The most celebrated graphic novel (comic-book mini-series) of all time has now been brought to the screen and fans have no reason to be disappointed with the translation.
Warning - spoilers!
It's been almost a decade since I read Watchmen, so watching the movie really was like experiencing the amazing story for the first time.
Set in an alternate 1985, Richard Nixon is enjoying his third term as President of the USA, the Cold War with the USSR is the major preoccupation of Americans and the glory days of costumed vigilantes have been brought to a close by a government crackdown leaving super heroes like the Watchmen on the fringe or in retirement.
It is the demise of a 1940s-era super hero, the Comedian, which leads the ink-blot, mask-wearing Watchmen named Rorschach to investigate who might be murdering former costumed crime fighters. The inquiry brings several of the old Watchmen back together as they are slowly convinced by Rorschach that this is a matter worth pursuing.
However, it is the existence of former Watchmen member Dr Manhattan, a human atomic bomb, which creates the film's greatest intrigue and links the seemingly unbelievable world of super heroes with the all too believable world of Cold War-era international tension.
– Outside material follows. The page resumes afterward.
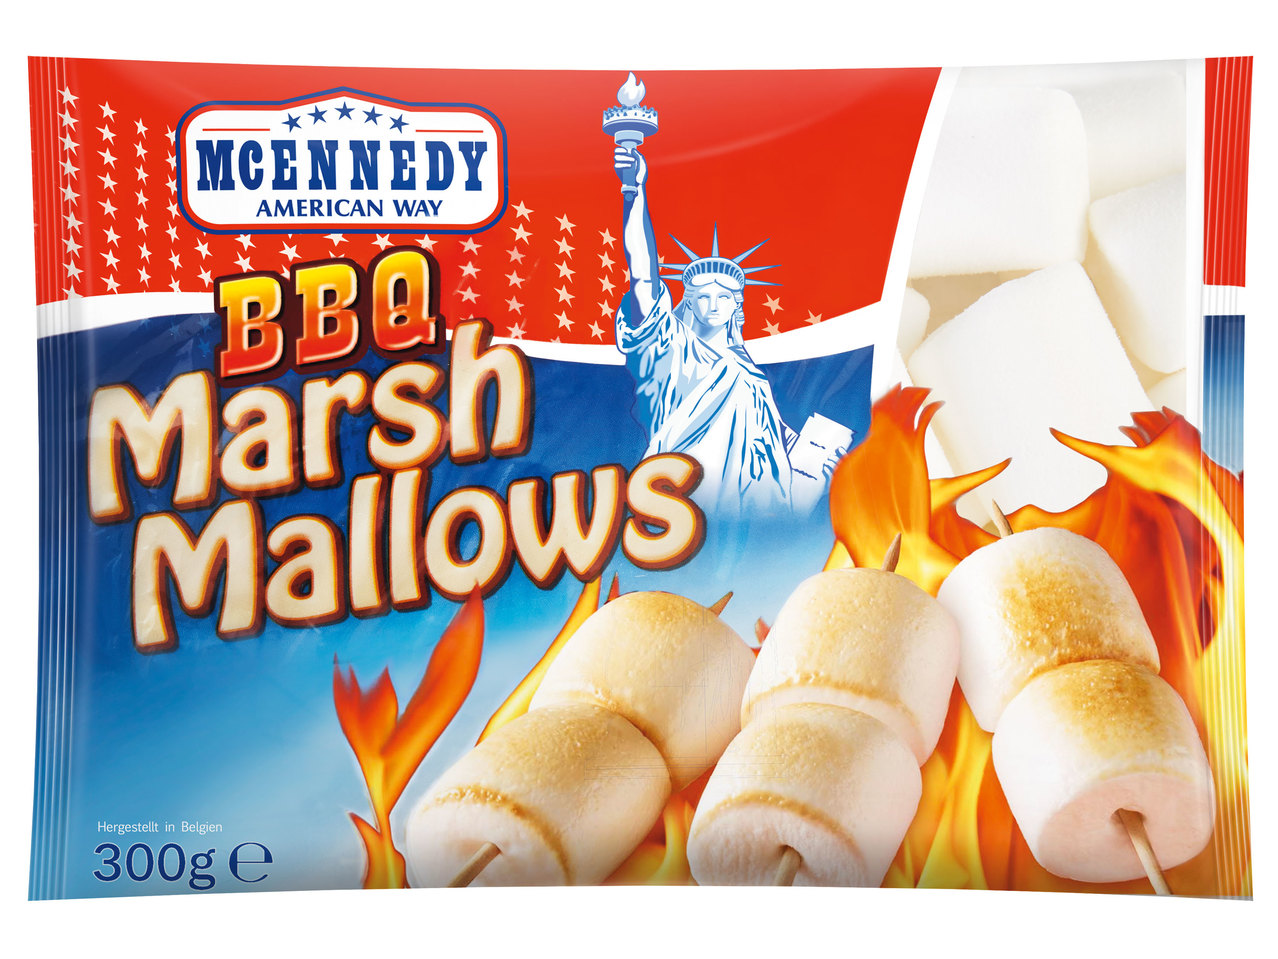 MCENNEDY BBQ Marsh Mallows

Dr Manhattan is the USA's one certain defence against any USSR nuclear aggression. The result of a nuclear experiment gone wrong (which bears more than a resemblance to the Incredible Hulk's origin story) Dr Manhattan is a scientist who has now obtained the power to control all matter, thereby averting any incoming attack, the ability to see the past and the future and the ability to change his form and teleport.
Although Dr Manhattan is one of the 'good guys', his accident has done more than merely transform him physically. His quasi-omniscience and the ability to experience the passage of time objectively rather than relatively (as all living beings do) give him a God-like perspective on humanity and their history. However, Dr Manhattan unwittingly becomes the patsy in a plot by an evil genius. The villain uses Dr Manhattan's powers in a way that cause him to become a destructive rather than a protective force. The USA and USSR now see that their greatest enemy is not in fact each other, but Dr Manhattan, thereby uniting them and creating 'world peace'.
When the Watchmen realise that such a horrendous act has been committed to manufacture world peace, only one member of the group is willing to cry 'foul' and he is quickly neutralised. That the other Watchmen are complicit in a lie that aims at peace is sad. It is certainly an indictment on so much of the human race that we often need a common enemy to unite us. In wartime Germany it was the Jews. In Sydney several years ago it was people of Middle Eastern descent. In Ancient Rome it was, for a long time, the Christians.
Thankfully, humanity has a God who uses the truth to bring about peace. And it is God himself who came in flesh to bear the punishment that would cement this peace. As Jesus says in John 8:31-32:
“If you hold to my teaching, you are really my disciples. Then you will know the truth, and the truth will set you free".
We do not need a lie to fool us into being better people. We need the truth to become the people God crated us to be.
Watchmen is an incredible parable about the nature of humanity giving insights into what drives people at both the most public and most intimate levels. It is at times unflinchingly violent (the film is, after all, directed by Zack Snyder known for The Dawn of the Dead and 300). It is occasionally sexually explicit, including an attempted rape, and Dr Manhattan spends about half his screen time without any clothes on which means you spend a fair amount of time staring at a naked blue guy.
However, if your conscience enables you to stomach a handful of these moments on the big screen you will experience a film that will leave you talking for a long time.